In the United States, the biggest corporation in terms of sale is Wal-
Mart (Macionis, eight edition, page 322).  It has $104.9 in total assets,
and with sales of $256 billion in 2004, which is equal to the tax revenues
of half the states combined.  Wal-Mart also provided more employment
than the state governments of California, Texas, Colorado, New York and
Florida combined.
According to the statistic above, corporations play very important roles
in our society today, especially in the economy.  Corporations not only
provide good and services to the society, but also contribute employments
to the citizens.  Although their initial motivations are to make money
without any obligations to create employment, nor contribution to
societies, corporations certainly enrich the U. S. economies.  

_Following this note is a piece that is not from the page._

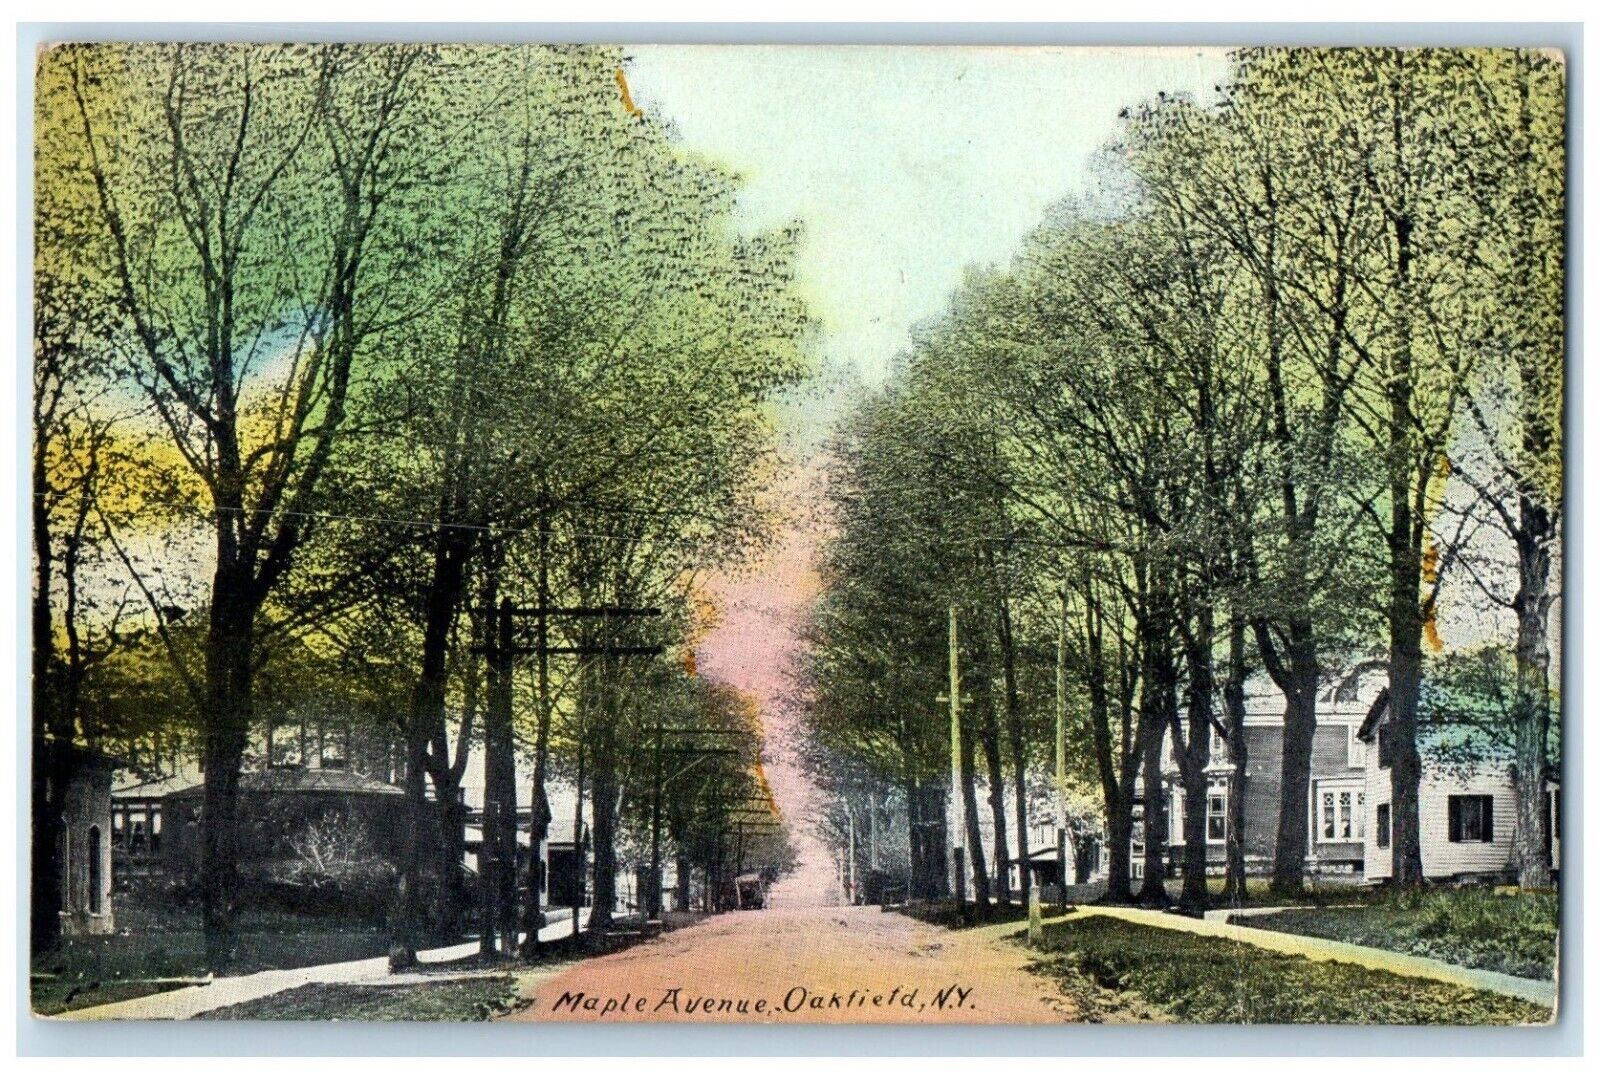 1909 Maple Avenue Exterior Houses Oakfield New York NY Vintage Antique Postcard

The major goal of a corporation is to make profits, own private
properties, with characteristics of  “unconcern for the feelings of others,
inability to maintain enduring relation, reckless disregards for the safety
of others, deceitfulness, incapacity to experience guilty, and failure to
conform to social norms with respect to lawful behaviors”  (The
Corporation, 2004).  By contrast, without revenues and profits, no
business entities are able operate.  Big business firms, such as
corporations, shut down will cost unemployment rates to arise, aggregate
demand to decrease, resulting a recession in the economy, or even worst,
developing a stagnation as in the late 1970s to the early 1980s.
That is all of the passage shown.